Невидимка подождал, пока Рэтчет скроется в медбее, и только потом сдвинулся с места. Не нужно было обладать сверхмощным процессором, чтобы понять, о чём именно договорились двое представителей высшего командного состава автоботов. Мираж как можно скорее покинул эту зону вечного ожидания. Он не мог отделаться от ощущения, что подсмотрел что-то такое, на что не имел никаких прав. Слишком личное, слишком сокровенное. Казалось просто невероятным, что ворчливый, суровый Рэтчет и грозный Айронхайд могут быть настолько близки, чтобы понимать, чувствовать, опекать друг друга. Но не проявление ли именно заботы и проблеск настоящей нежности проскользнули в скупой ласке боевикона и в мимолётной слабости медика?

Чувство подавленности только возросло. Внутри колёсного всегда бушевало пламя чувственности и страсти, часто превращаясь просто в беспощадную бурю. Но положение в обществе диктовало совершенно обратное: постоянный контроль над эмоциями. А ему, активированному беспечным гонщиком, эмоциональным и вспыхивающим словно пожар на ветру, с дарованным самим Праймасом взрывным темпераментом, хотелось просто гнать по жизни ни на что не оглядываясь. Задыхаться системой вентиляции от пьянящего чувства свободы, громко смеяться, запрокидывая лицевую к сияющим звёздам, танцевать с другими такими же молодыми, полными сил трансформерами в барах, в окружении ярких, живых огней. Но лицемерное марево дворцового блеска и интриг поглотило не только спарковские мечты, но и самого Миража. Сверкающие дорогие корпуса и пустые, давно испитые до дна искры. И холодные, словно покрытые инеем вечной мерзлоты, окуляры. Синие, красные, жёлтые — не важно. В них всё равно не оставалось ничего, что могло бы заставить трепетать живую искру.

Да, он был наделён огромной властью. Он стал олицетворением утончённой красоты. И при этом он был одинок как никто другой что тогда что сейчас. Даже у того же Прайма были друзья. Верные, нежно привязанные к нему друзья, что теперь держались на почтительном расстоянии, соблюдая положенный минимум в субординации, но они остались рядом. Шли за ним в уготованный ад безрадостного будущего, полностью осознавая, что пути назад не будет, но шли. У Миража не было никого. Никого и никогда. Это была непозволительная роскошь, моветон.

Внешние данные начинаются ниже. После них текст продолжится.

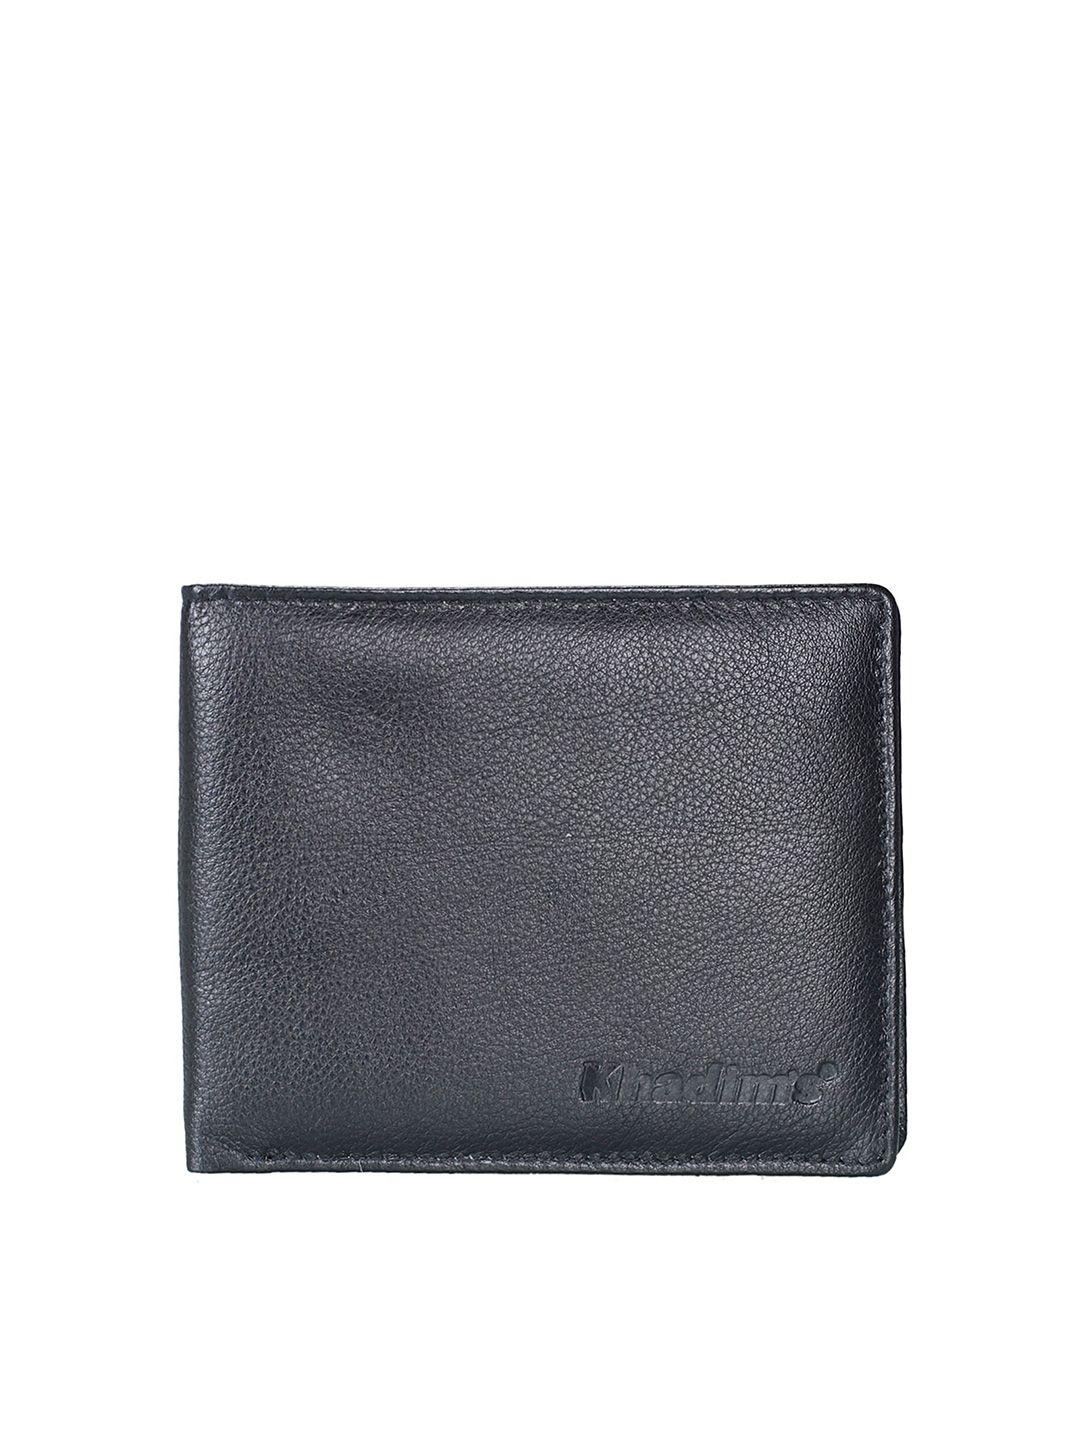 khadims men black leather two fold wallet

Он слишком поздно понял, что увяз по самый шлем. Побег от условностей, жёстких законов и даже собственной семьи был слишком поздним. Малодушие, дешёвые идеалы светского общества стали потрясающе сладкой отравой, что успела впитаться даже в кибертрониевую сталь брони. Прошло уже много времени, как его прошлая жизнь была полностью разрушена, но до сих пор этот яд стойко тёк по топлипроводам бело-синего корпуса, мешая спокойно созерцать и познавать окружающий мир без болезненной гордости, граничащей с высокомерной гордыней. Он тянулся к ботам, что окружали его сейчас, но не умел с ними общаться. Он не мог стать таким же как они. В итоге гонщик просто сдался, бережно стараясь впитать на почтительном расстоянии те простые эмоции, что окружали его в отряде Прайма. Не навязывая остальным автоботам своего общения, не выдавая своей заинтересованности.

Казалось, только Оптимус умеет видеть его таким, каким и был на самом деле Мираж под непосильно тяжёлой ношей из холодной отстранённости, выдержанной вежливости и безупречной выдержки. Видел Оптимус и видел Джазз, что умел воспринимать реальность каким-то одним ему подконтрольным звериным чутьём. И Хаунд. Хотя Хаунд и не понимал всего, но он верил и чувствовал. Беззаветно верил в лучшее, как последний романтик, и абсолютно безошибочно улавливал истинную подоплёку в любом искусно завуалированном предложении. И в упор не замечал надетой на себя аристократом личины. Намертво въевшаяся в гонщика маска, надёжно укрывшая настоящего Миража от всего мира и целый реальный мир от самого Миража, абсолютно не смущала Хаунда. Его улыбка не становилась ни менее открытой, ни менее искренней. Иногда стеллсеру казалось, что Праймас руководствовался каким-то одному ему понятным чёрным юмором, когда наделял их двоих дарами: ему, привычно скрывающему свою сущность от окружающих за холодной вежливостью, было разрешено быть невидимкой; а Хаунду, мастеру самых натуральных холо-симуляций, было позволено видеть сквозь любой морок. Может быть, именно поэтому они и сдружились.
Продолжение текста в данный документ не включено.